However, more and more people find it impractical to regularly indulge in high-dose psilocybin journeys or sometimes are worried about the intensity of such high-dose journeys. Instead, they try to include regular dosing of psychedelics, such as psilocybin or LSD, in much smaller quantities in their daily lives. This practice is called psychedelic microdosing.

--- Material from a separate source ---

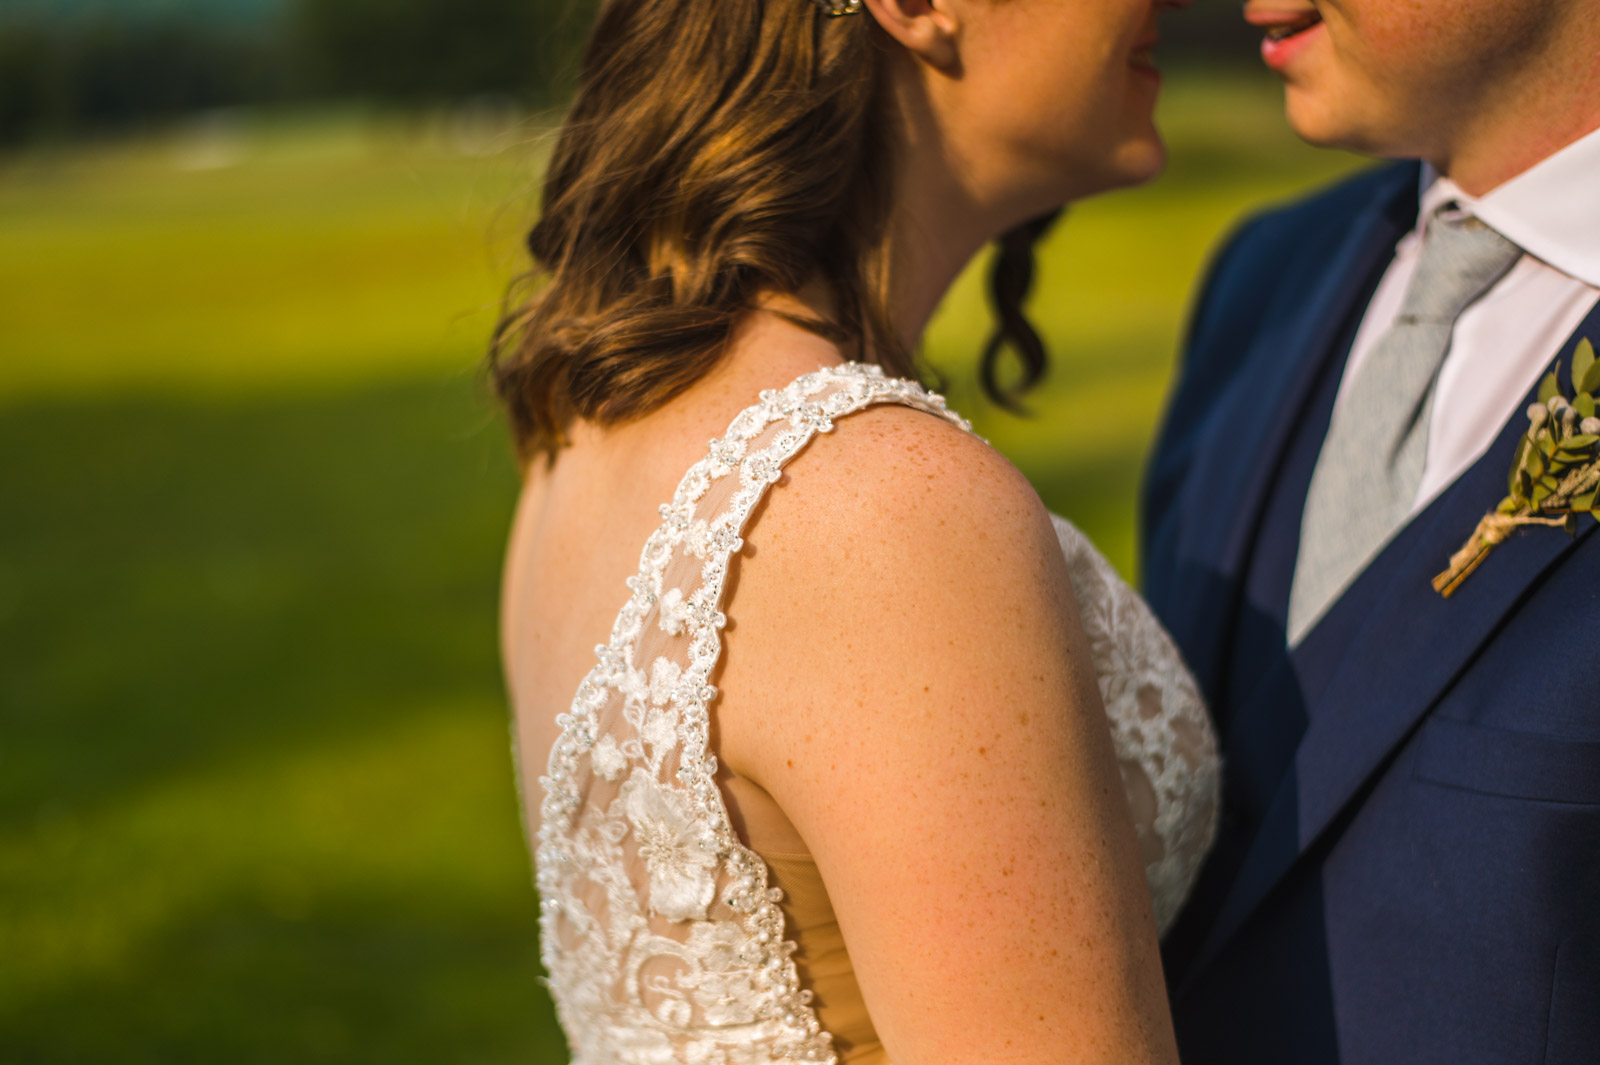 Emerson & Elicia's Golf Course Wedding Aidan & Leanne Hennebry Hamilton Wedding Videographers Photographers Niagara Hush Hush Photography & Film-53.jpg

Microdosing and macrodosing are two such modalities that offer distinctive paths to self-development and self-discovery, each utilizing a varying dose and context to our path of personal growth. This article delves into the potential of both microdosing and macrodosing for personal growth, comparing its benefits and downsides. It took us weeks to write this article and to review the available evidence on microdosing and macrodosing so that you don’t have to. We hope it enlightens your path forward. 

1. What is microdosing?

microdosing psychedelics, low intensity

Microdosing involves taking “micro” or very small, sub-perceptual quantities of substances such as LSD or psilocybin. The doses are typically a small fraction of a full-dose that would be used in macrodosing Usually, we are talking about 1/5 down to 1/20 of a macro dose. Proponents of this method claim it  enhances mood, productivity, mindfulness, creativity, and cognition without significant perceptual alterations or psychedelic experiences. As the article “How Silicon Valley rediscovered LSD”[1] shows, microdosing is heralded by creative minds and corporate leaders for its propensity to cultivate out-of-the-box thinking and heightened productivity, thereby transcending the bounds of personal development to touch upon professional excellence.

The recent surge in popularity of microdosing has its roots in James Fadiman’s 2011 book, “The Psychedelic Explorers Guide.”[2] This publication brought the concept of microdosing into the mainstream, sparking a wave of personal accounts, media coverage, and scientific studies on the topic. One of the most popular accounts of the positive impacts of microdosing is Ayelet Waldman’s book “A Really Good Day”.[3] Ayelet Waldman, a successful public federal defender, struggled with deep depression beneath her outward success. Inspired by James Fadiman’s work on microdosing, she decided to try it herself and experienced a profound transformation. For the first time, she felt that something helps against her depression. She overcame her mood swings and gained newfound confidence. This journey not only altered her mental health but also fundamentally changed her perspective on life.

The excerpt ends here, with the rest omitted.